In response to growing problems with judicial receivers, following the Armstrong Investigation into the life insurance business, in 1909 New York enacted a law replacing judicial receiverships with administrative receivership provisions applicable to all insurers to the exclusion of the existing judicial receivership system. Specific grounds were set forth for the initiation of delinquency proceedings by the superintendent of insurance who was also granted broad discretionary powers to rehabilitate or liquidate the insurer. In 1932 the legislature corrected problem areas with the statute with an enactment of the first comprehensive statute dealing with insurance company delinquency proceedings. The trend away from judicial receiverships in the context of insurance, which began in 1909 in New York, rapidly spread to other states.

Originally the procedure for liquidation was for the insurance commissioner to petition the proper court for the appointment of a receiver (someone other than the commissioner) who would then liquidate the company under direction of the court. Although perhaps still the procedure in some states, most jurisdictions now charge the insurance commissioner with the responsibility of directly serving as the liquidator. Typically, when the commissioner deems it necessary, he or she petitions the court for an order appointing him or her as receiver for the purpose of rehabilitation or liquidation. Some states have created a liquidation division within the insurance department itself to carry out this function.

Modern Legislation

The next landmark step in the evolution of state insurer receivership law was the 1965 total revision in the Wisconsin delinquency proceeding law. The new Wisconsin Insurance Rehabilitation and Liquidation Act drew upon the federal bankruptcy law and was designed to afford the state insurance commissioner the necessary tools to deal with the myriad of issues which can occur in delinquency proceedings. In addition, the Act sought to encourage the commissioner to take quick action when appropriate. In 1968, the NAIC recommended the Wisconsin law for adoption by the various states and, in 1977, it adopted a major revision in the Model Rehabilitation and Liquidation Act which drew heavily from the Wisconsin legislation. A substantial majority of states have adopted the Model Act or statutory provisions similar thereto.

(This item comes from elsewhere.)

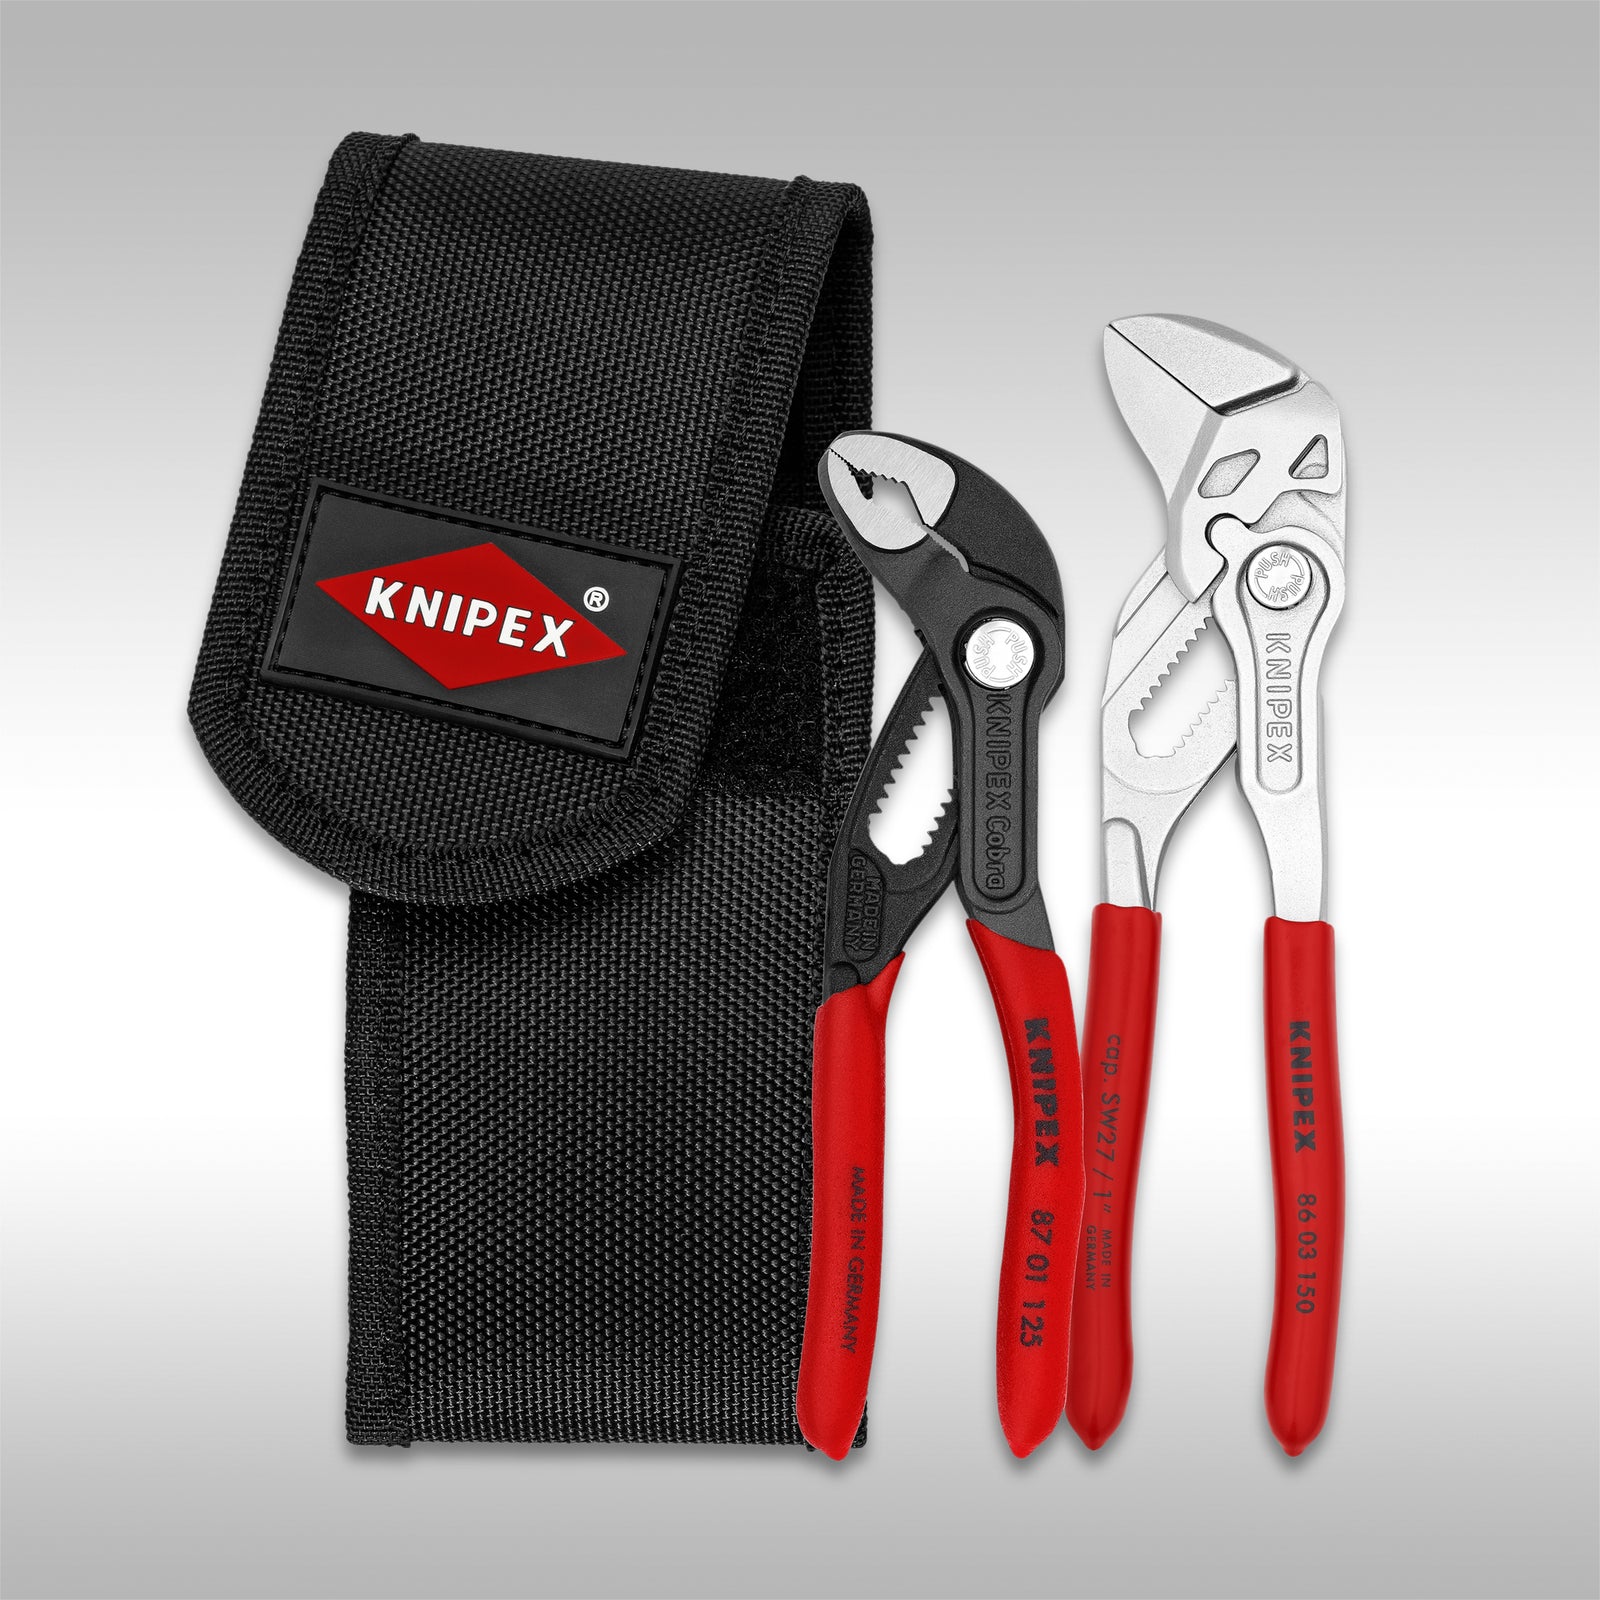 ALL Tagged Knipex - Upshift Online Inc.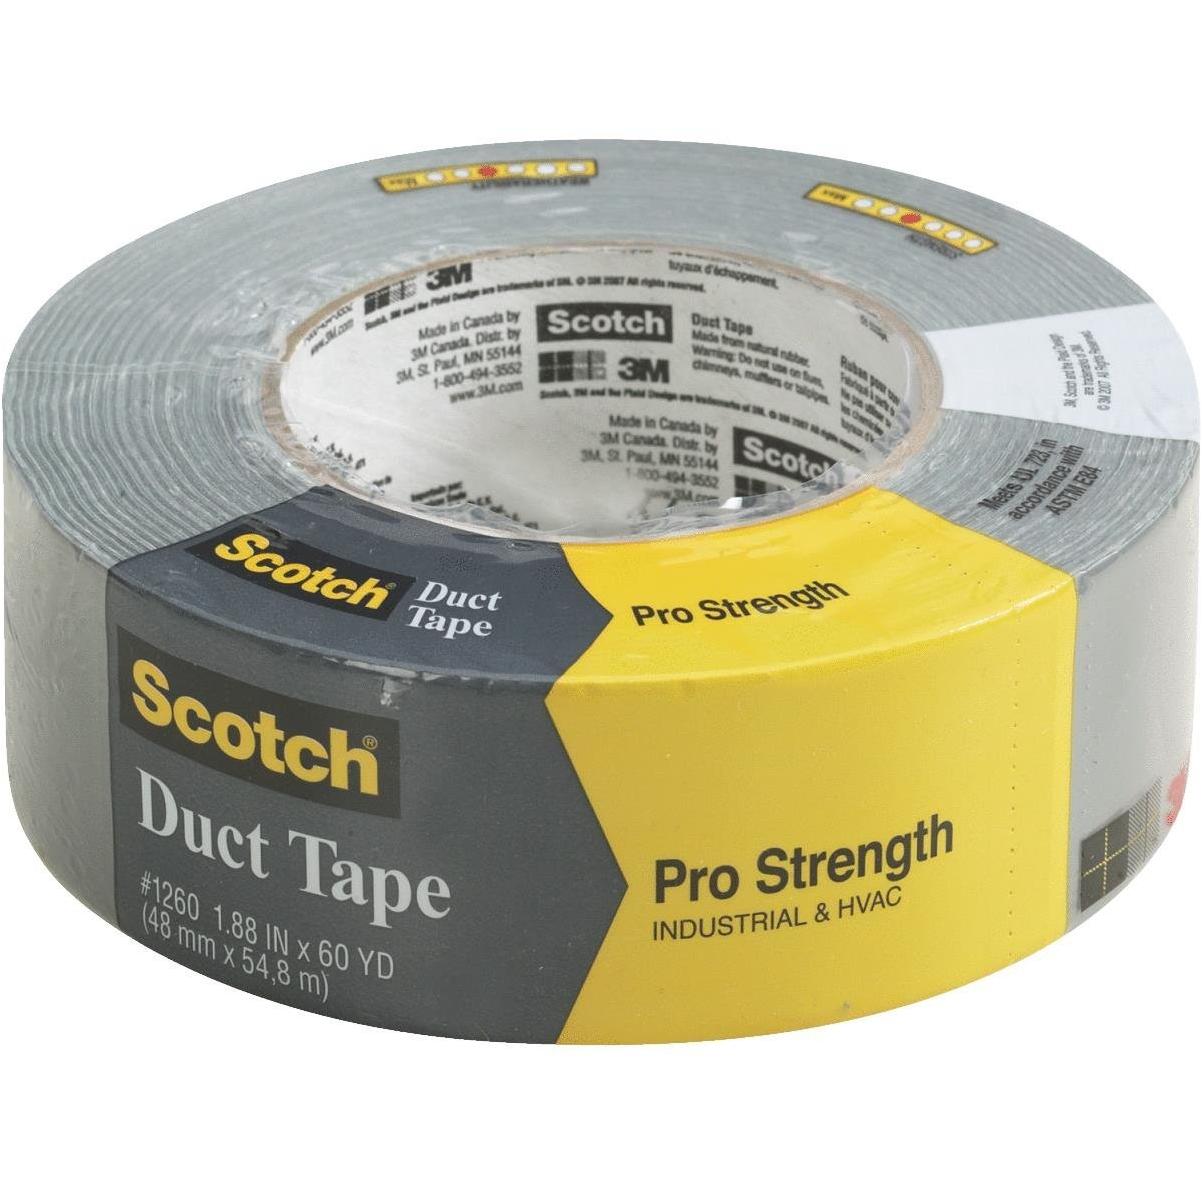 1210-A 1 Roll 3M Pro Strength Duct Tape Industrial HVAC 1.88 inches by 10 yards

The Model Act establishes a comprehensive and modernized system for rehabilitation and liquidation. Among other things, the Act provides for the vesting of exclusive authority in the domestic commissioner to conduct such proceedings and for finding alternative means to deal with impaired financial condition prior to utilization of formal proceedings, when an insurer might be able to work out its difficulties under the supervision and orders of the commissioner. In December 1994, the NAIC made several revisions in the Model Act to strengthen the position of the domiciliary receiver in multistate insolvencies and to alter the distribution of assets.

 

Nature of Supervision. The first tier, supervision, contemplates limited insurance department actions when the problem is deemed to be relatively easy to correct. However, the supervision portion of the Model Act was deleted when the NAIC adopted the Administrative Supervision Model Act in 1989. (As of 1992, about one-third of the states have adopted this model or something similar thereto.) Although already possessing significant general supervisory authority over insurers, often troubled insurers will challenge such authority in the courts resulting in either deterring or, at least delaying, timely regulatory action. Armed with greater statutory specificity, a commissioner is in a better position to act in a timely and effective fashion.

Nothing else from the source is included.